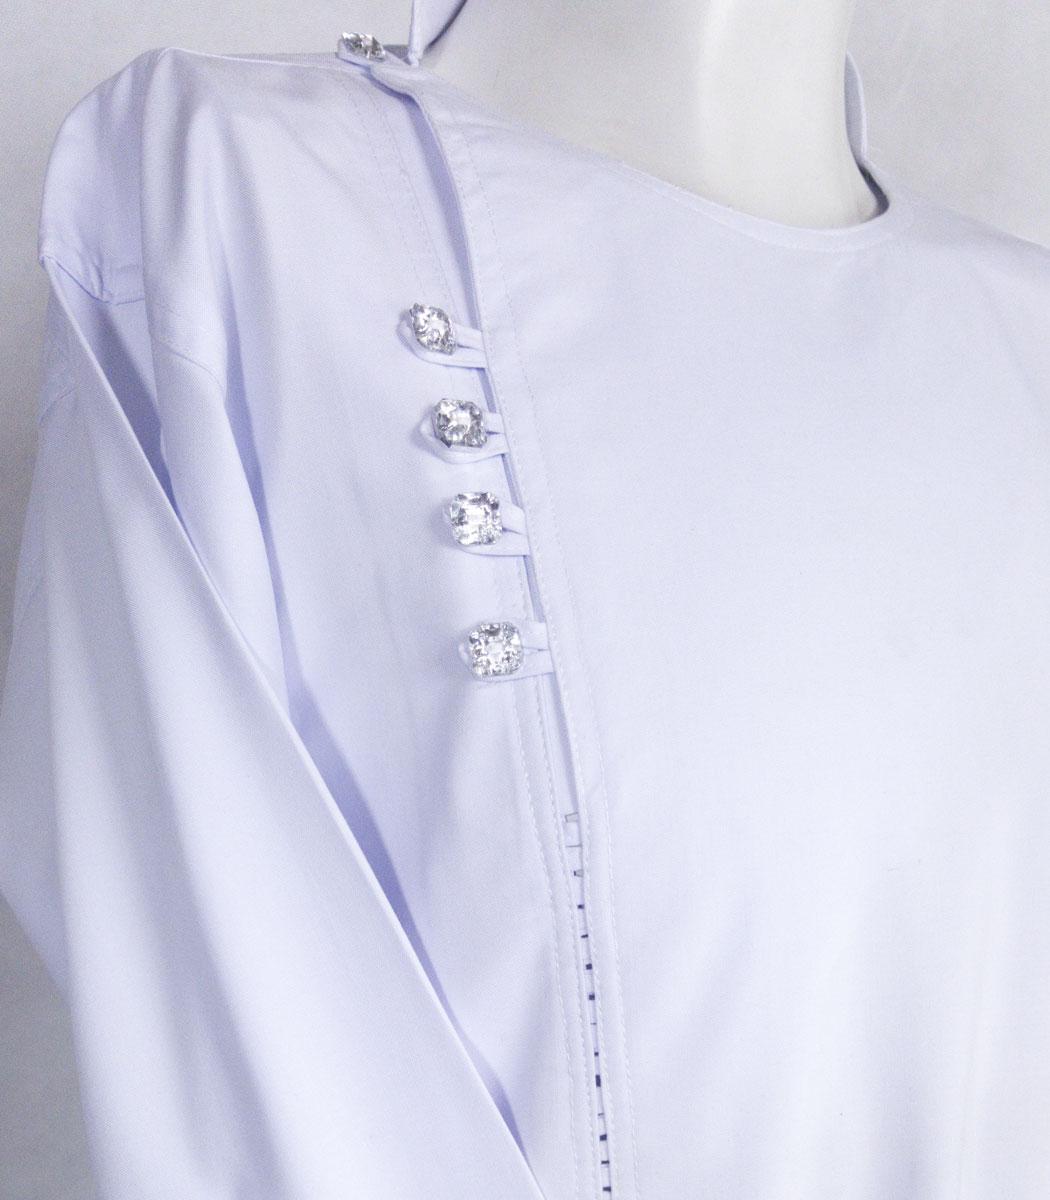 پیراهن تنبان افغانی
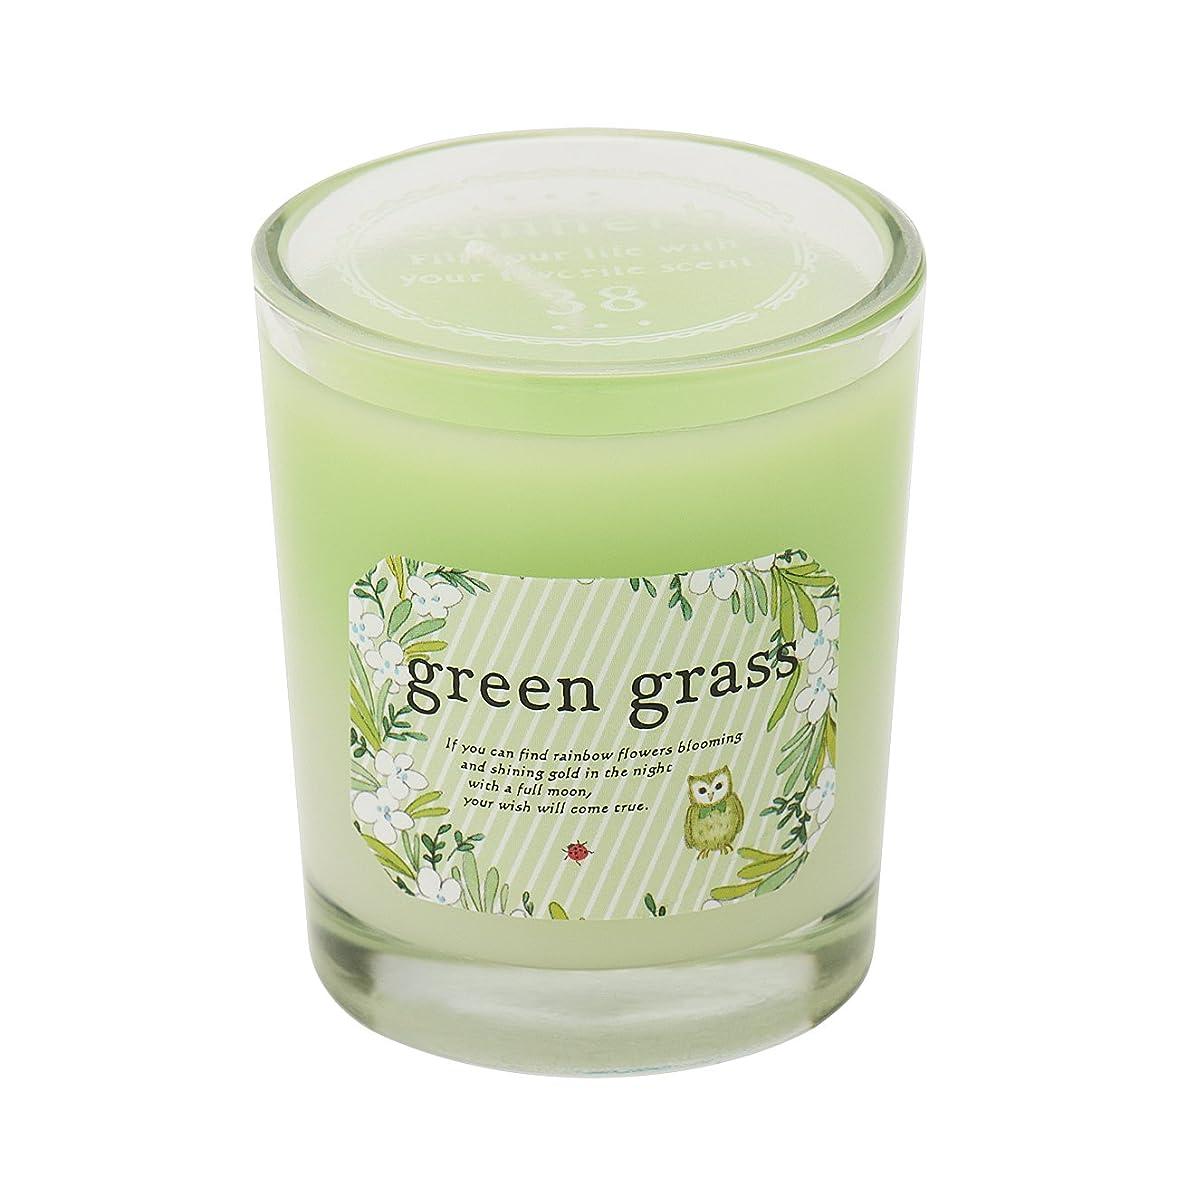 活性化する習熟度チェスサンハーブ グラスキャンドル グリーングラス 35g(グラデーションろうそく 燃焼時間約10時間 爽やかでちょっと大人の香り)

--

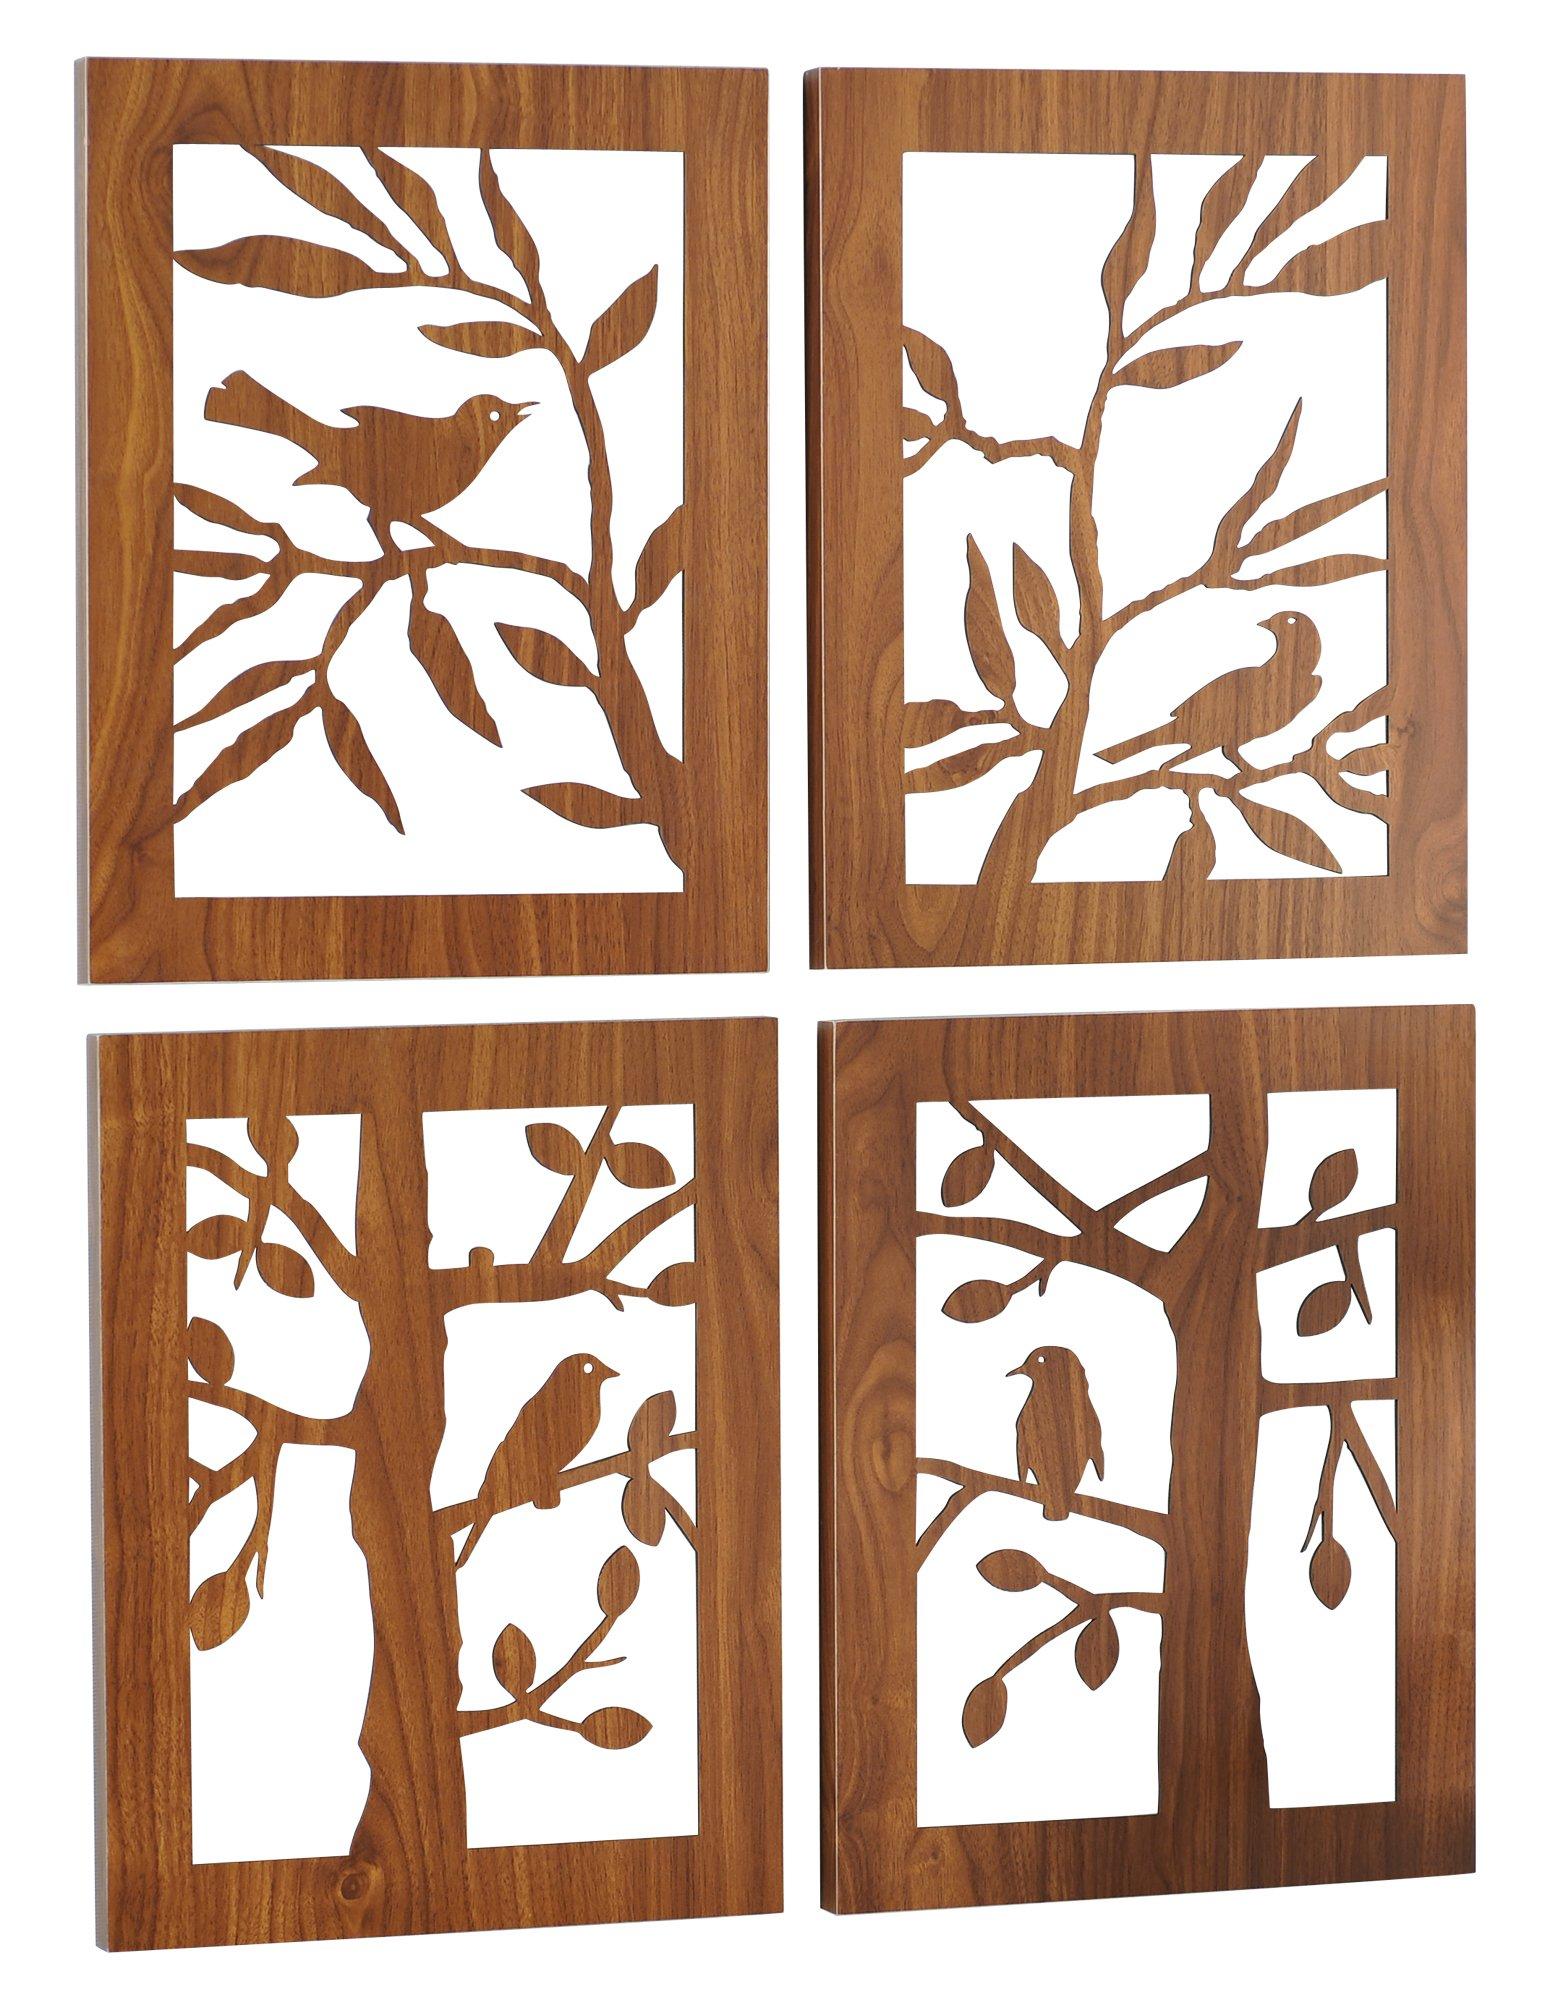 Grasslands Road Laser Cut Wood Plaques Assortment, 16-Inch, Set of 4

_Your objective_. Print from the line containing "پیراهن تنبان افغانی" through the line containing "活性化する習熟度チェスサンハーブ グラスキャンドル グリーングラス" in the data above, exactly as the lines stand, and omit every picture.

_Response for this exercise_.
 پیراهن تنبان افغانی
 活性化する習熟度チェスサンハーブ グラスキャンドル グリーングラス 35g(グラデーションろうそく 燃焼時間約10時間 爽やかでちょっと大人の香り)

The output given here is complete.